Segment Start: Given information

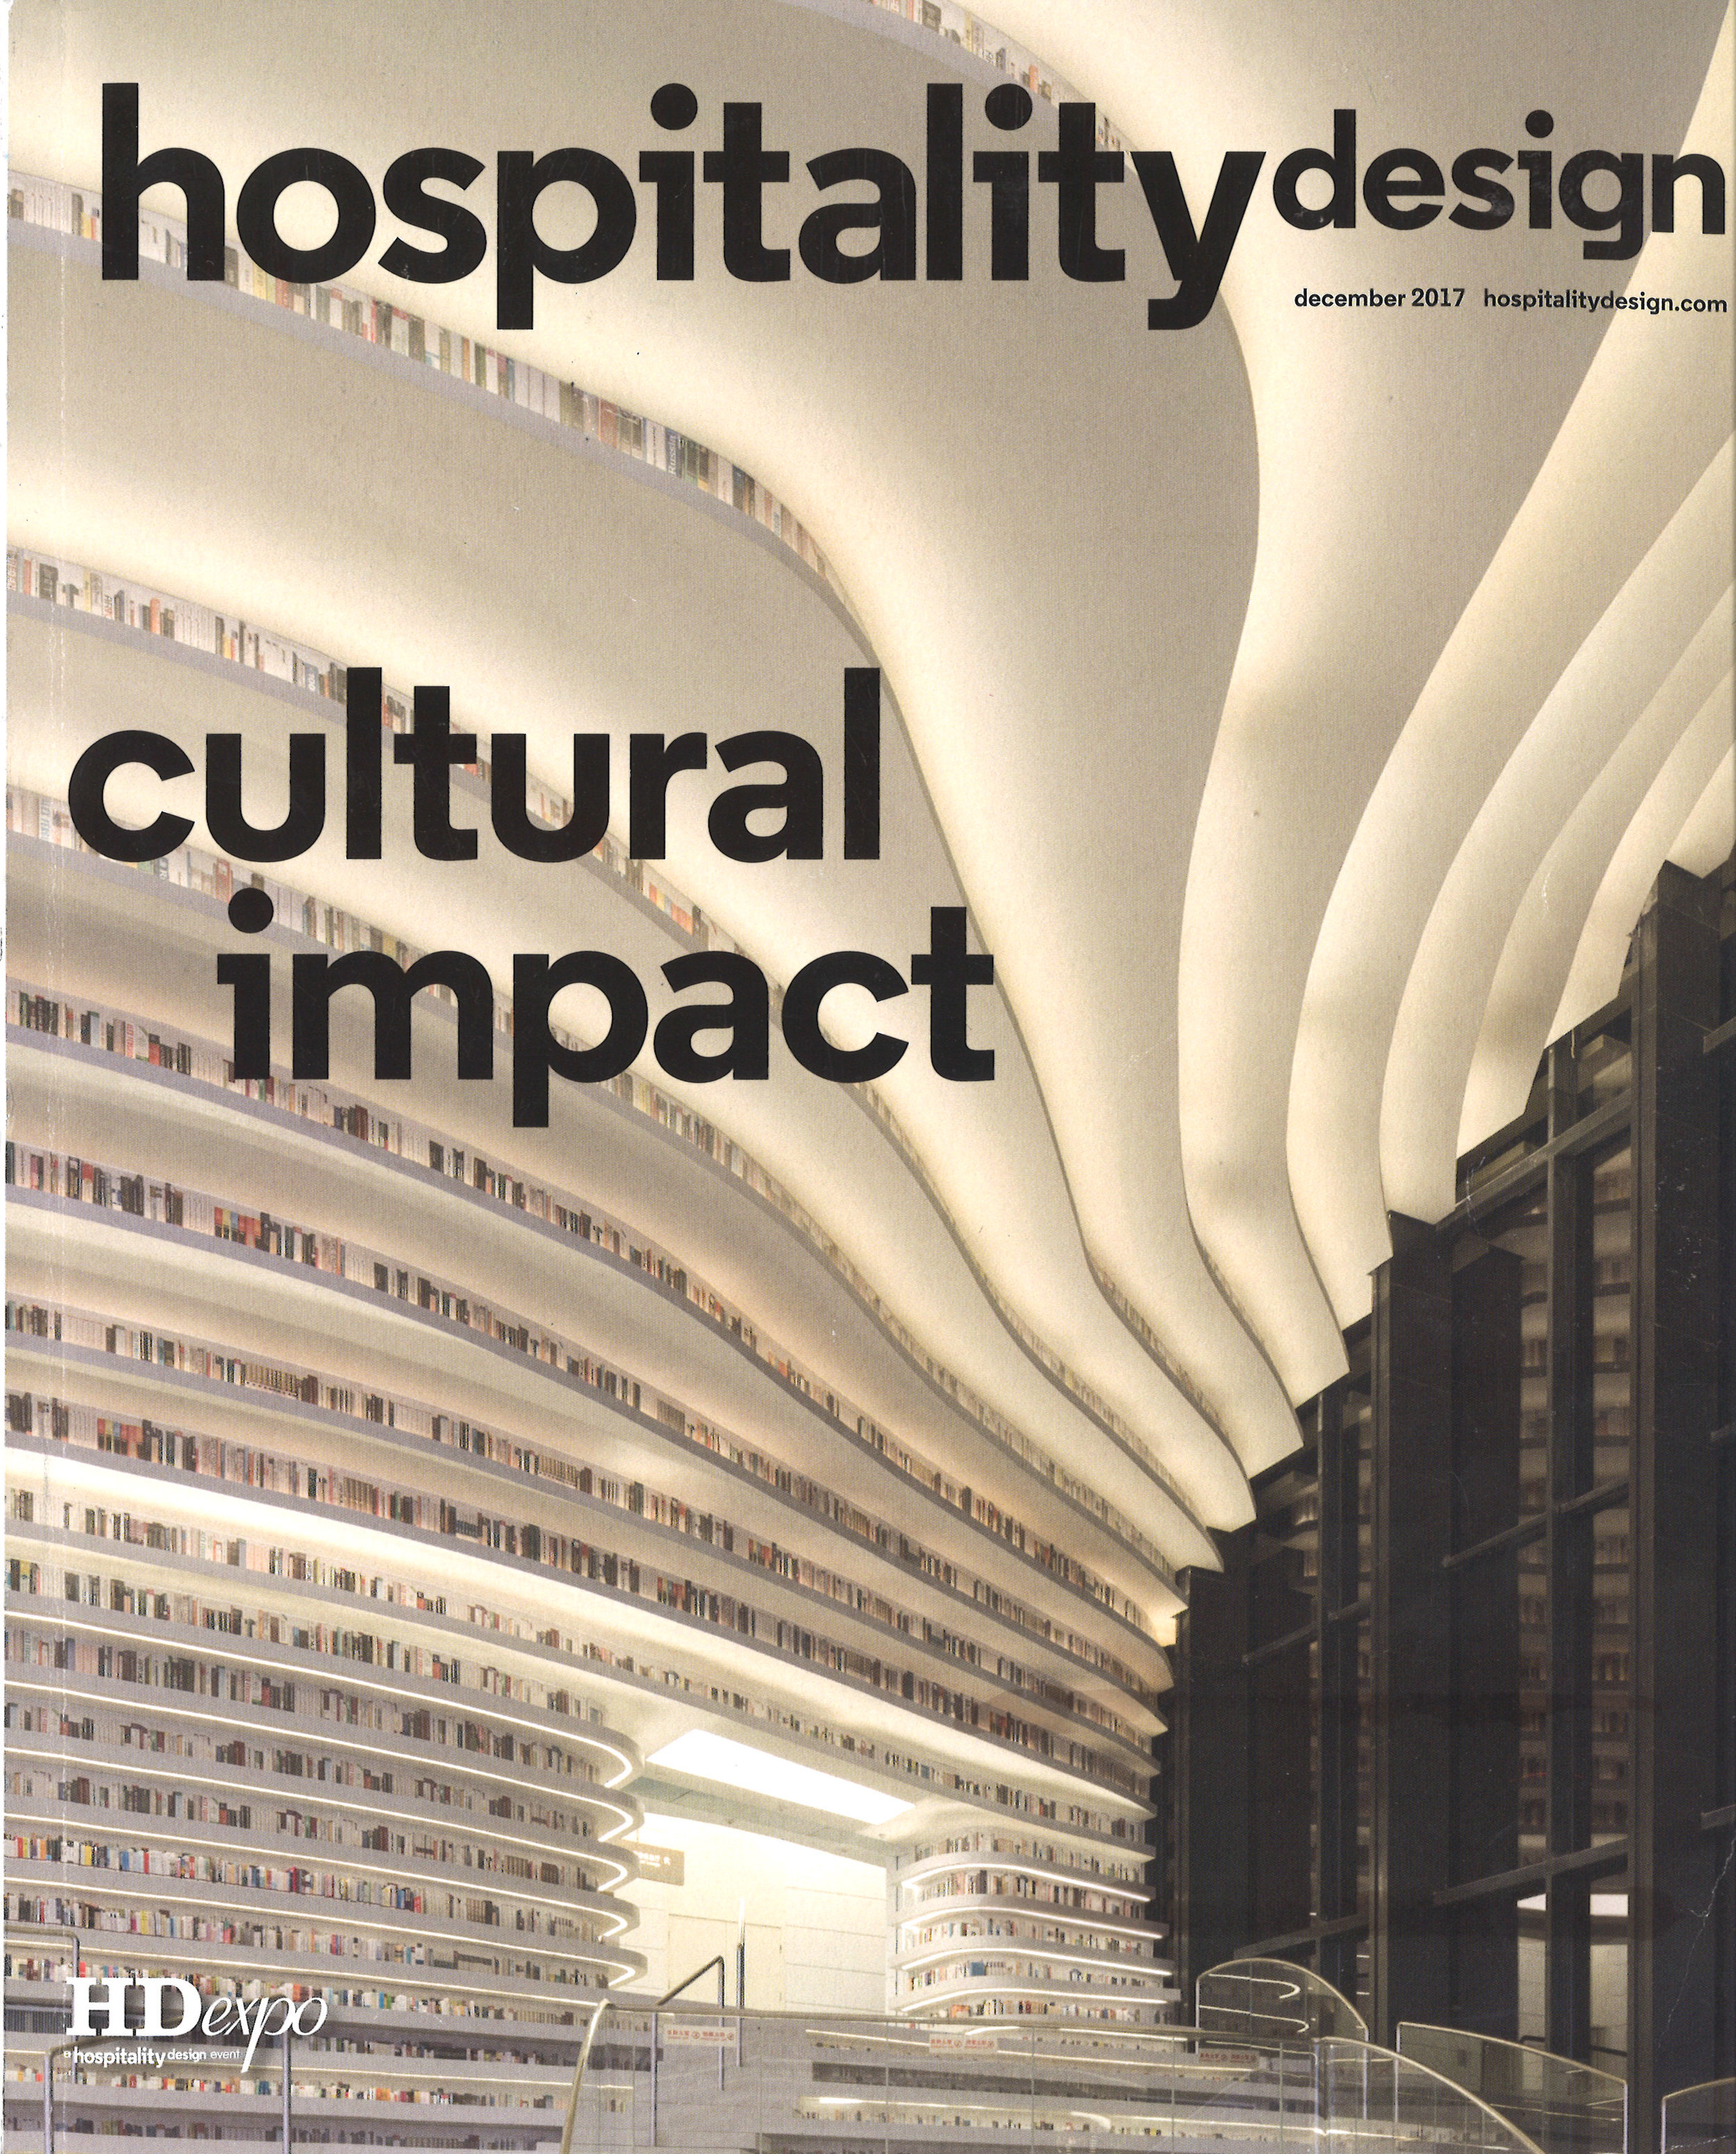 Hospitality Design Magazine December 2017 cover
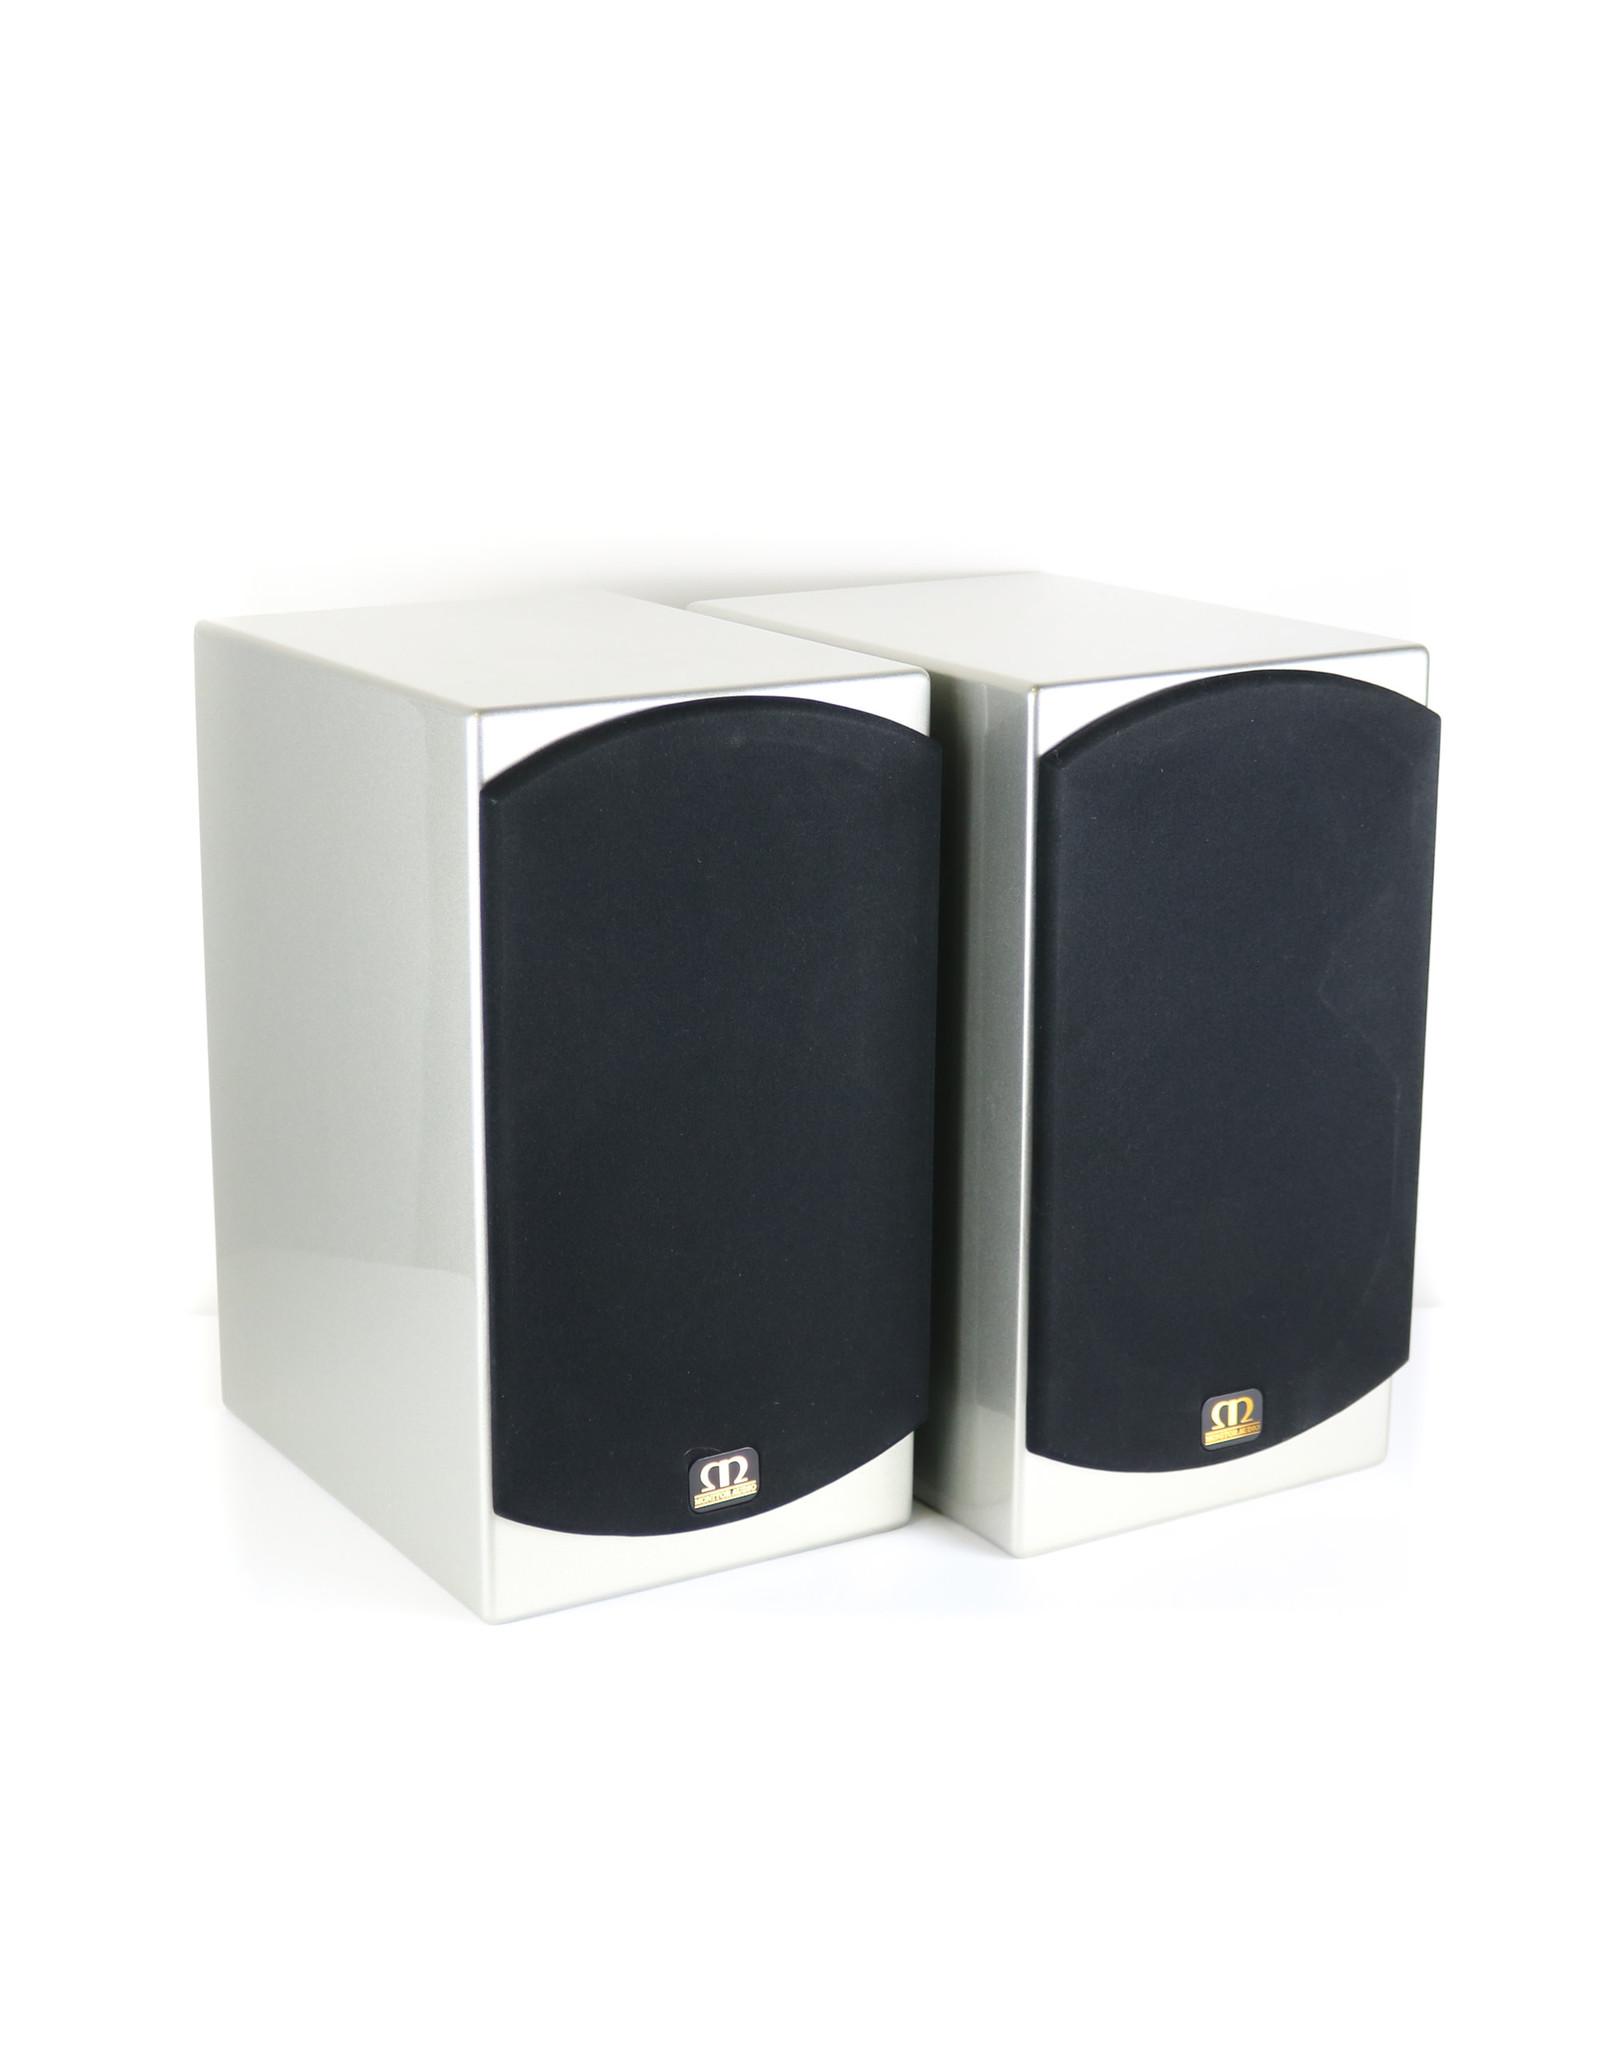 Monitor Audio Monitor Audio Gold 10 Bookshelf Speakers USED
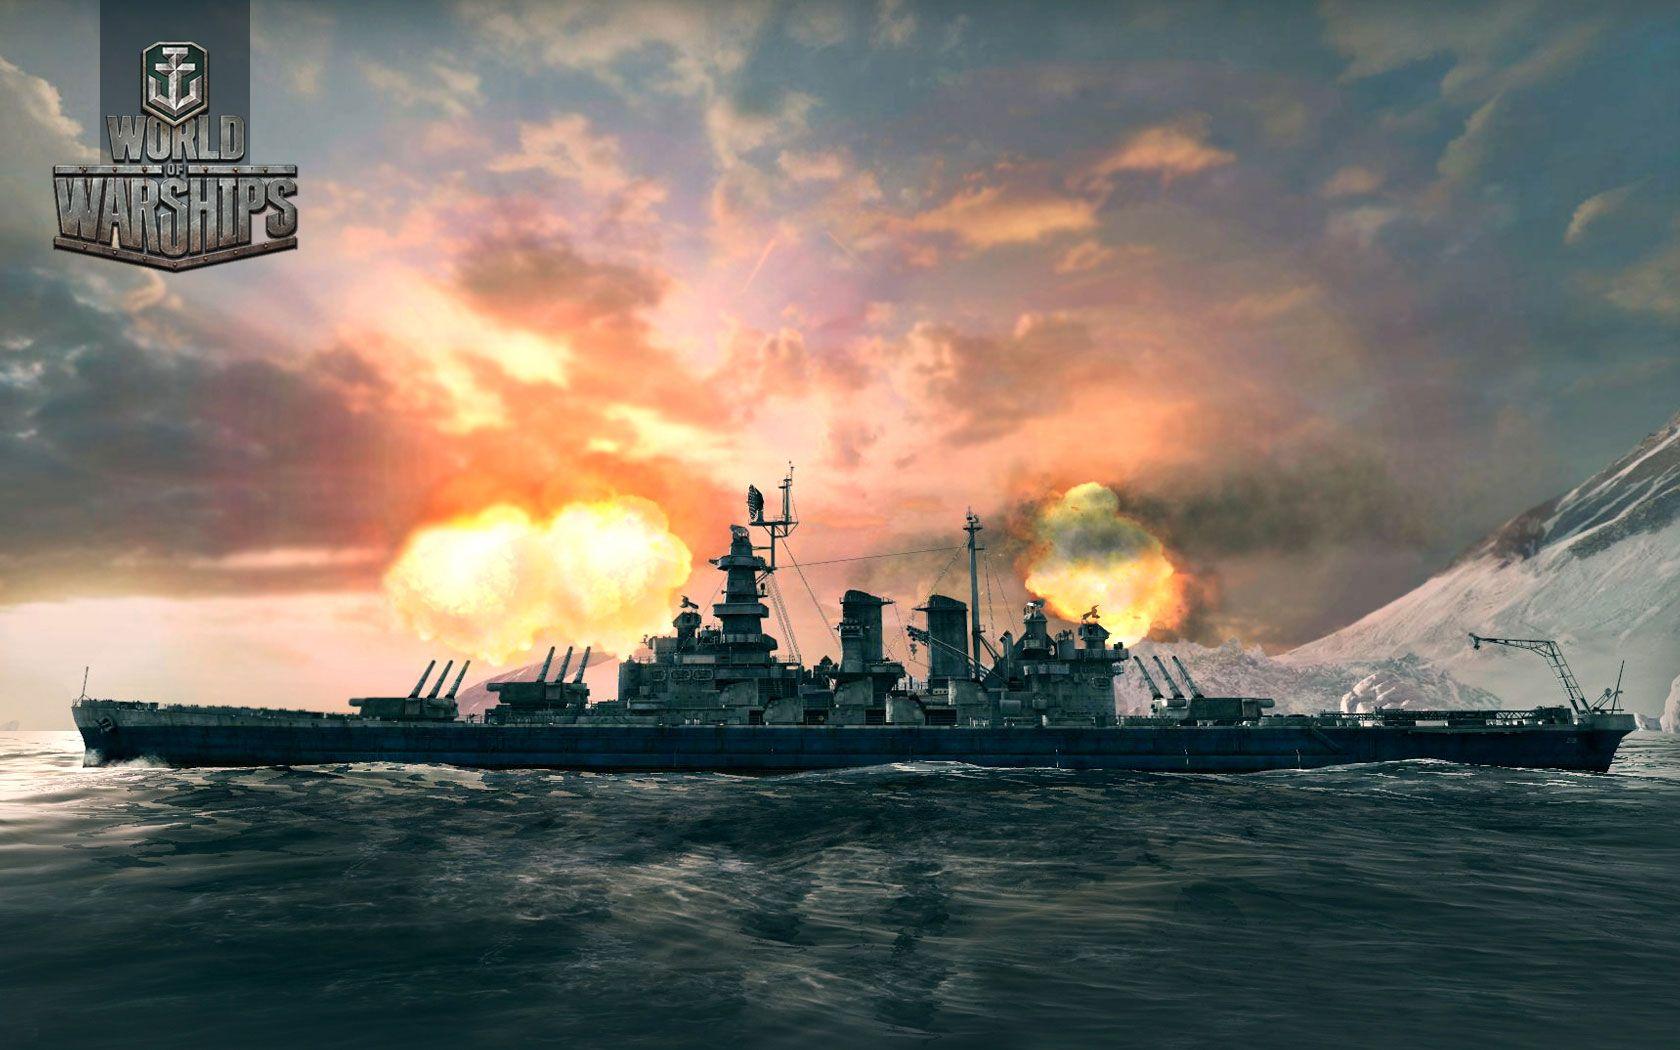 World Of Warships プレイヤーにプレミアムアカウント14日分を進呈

Segment End: Given information

__Assignment__. Give all the lines above again, character for character, without pictures.

__Worked solution__.
 Hospitality Design Magazine December 2017 cover
 Monitor Audio Monitor Audio Gold 10 Bookshelf Speakers USED
 World Of Warships プレイヤーにプレミアムアカウント14日分を進呈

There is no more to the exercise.